The All-American right-hander Covey (5-4) went
7.2 innings, surrendering three earned and striking out two in
120 pitches.
“The scouting report said he was kind of all over
the place,” Aztecs first baseman Ryan Muno said. “He’s an AFLAC
All-American, all credit to him. He’s a good pitcher. It was
just a matter of him throwing strikes, and today he kind of
did.”
“This has been us all year,” Toreros head coach
Rich Hill said. “You look at Troy Conyers in the WCC
championship, Dylan Covey today and all that he’s been through,
to come out on the biggest stage and throw a gem like that.”
For Covey, it was in important start to prove
what he couldn’t in the first game of the season, when he lasted
just three innings against the Aztecs, giving up six runs (five
earned) on eight hits.
“I started the first game of the season against
San Diego State and kind of got touched up a little bit,” Covey
said. “A lot of their guys, they have kind of an interesting
game plan. They work to pull but then they can touch that inside
fastball so nothing could be over the middle of the plate. And
the offspeed had to be dirty as can be and it was today.”

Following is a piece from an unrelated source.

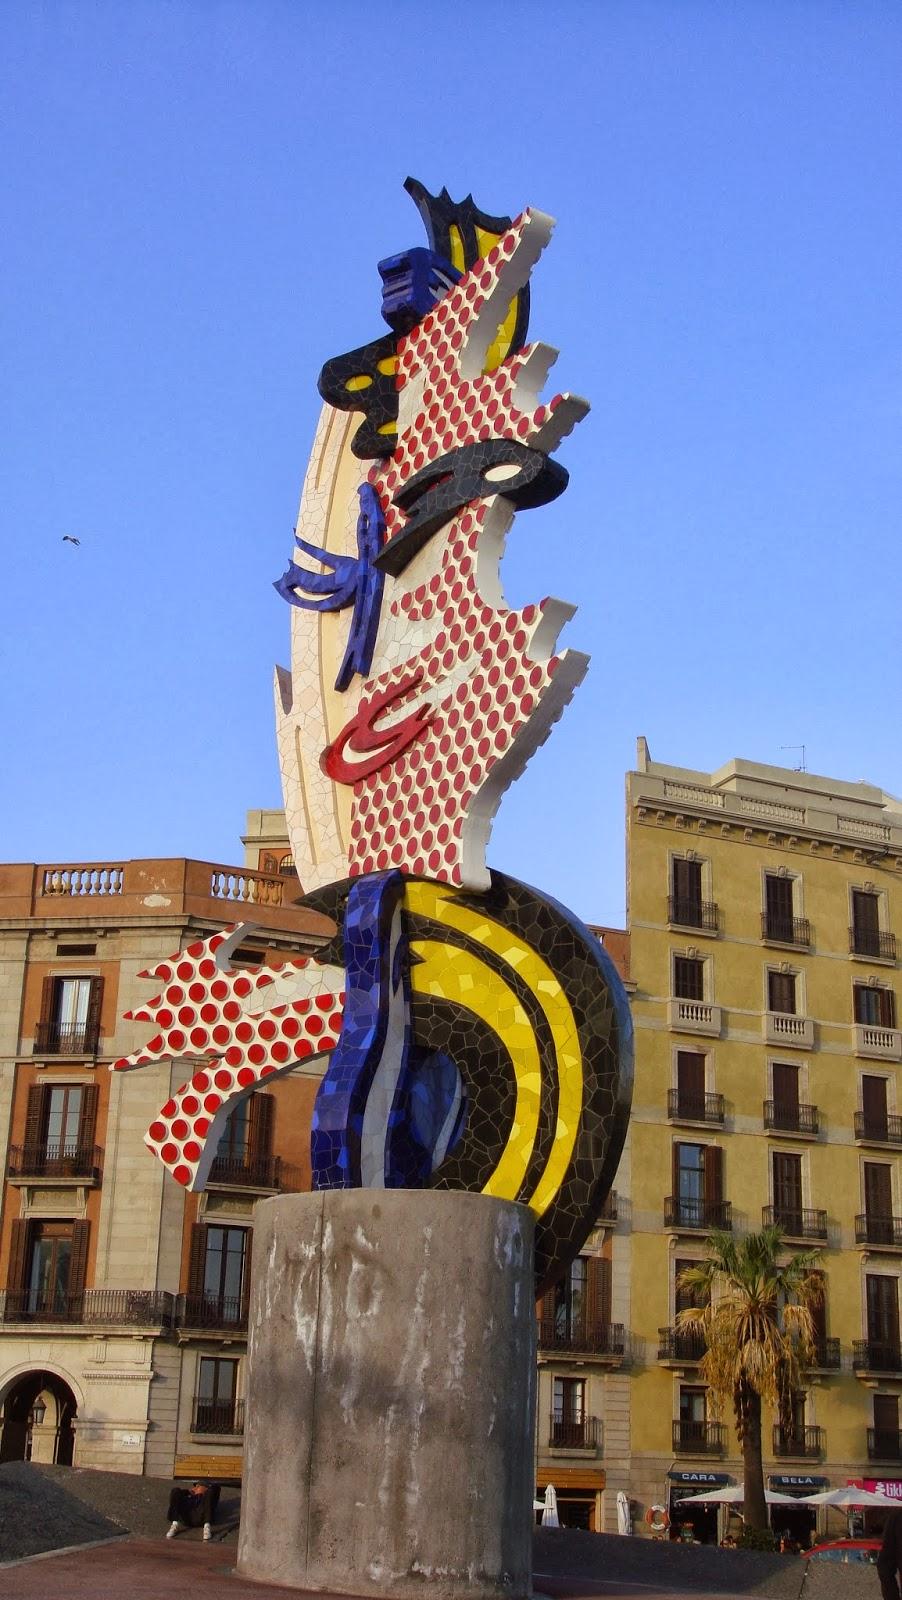 Esculturas, Port Vell, Barcelona, Elisa N, Blog de Viajes, Lifestyle, Travel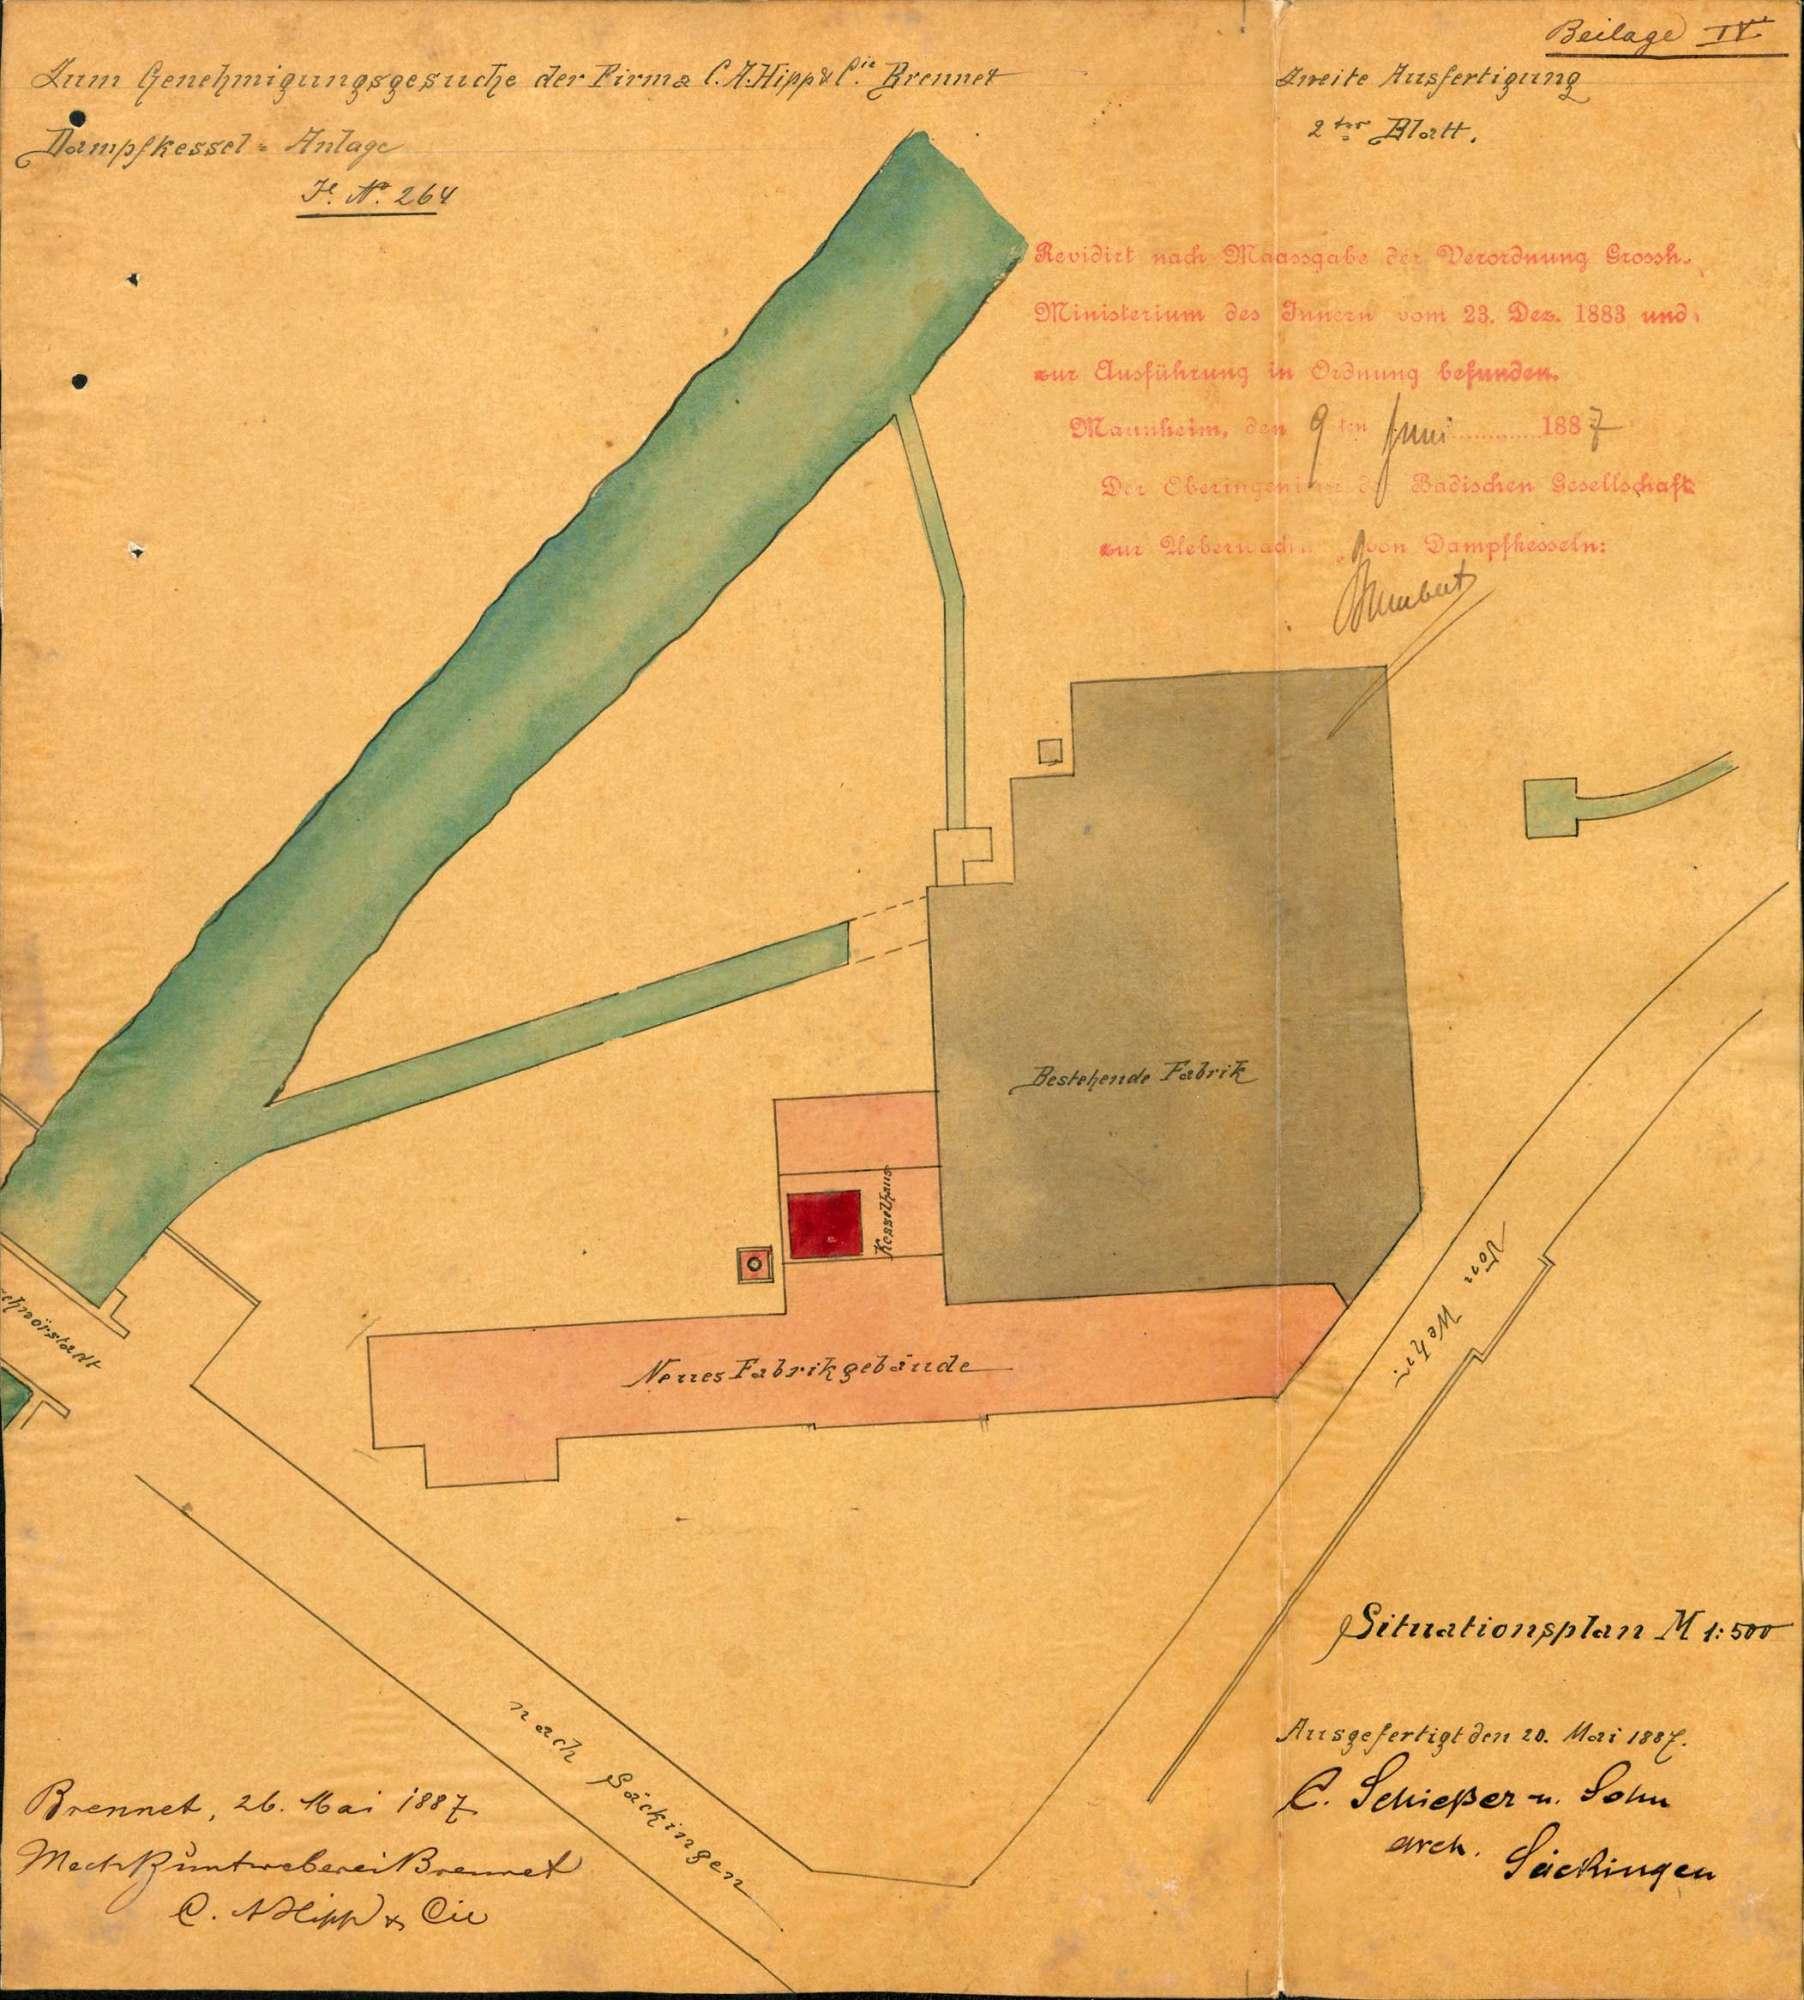 Dampfkessel der Firma C. A. Hipp & Co., Mechanische Buntweberei Brennet, in Brennet, Bild 1

It was Michael Cederoth (3-9) who looked to have
the better stuff initially. The Aztecs maintained a 2-0 lead
until the bottom of the fifth when the Toreros broke out.
A bases-loaded walk to Connor Joe put the Toreros
on the board, and Cederoth then was pulled in favor of Philip
Walby.
“All the pressure was on him, he had to come to
me,” USD catcher Austin Green said. “All I was looking for was
one pitch.”
Green got his pitch, a fastball, and drove a
double through the left gap to score two.
San Diego scored two more in the inning after
shortstop Evan Potter overthrew a cutoff at third and tacked on
one more in the sixth.
The Toreros will face the loser of Saturday’s
nightcap between No. 1 UCLA and No. 2 Cal Poly, Sunday afternoon
at 2 p.m.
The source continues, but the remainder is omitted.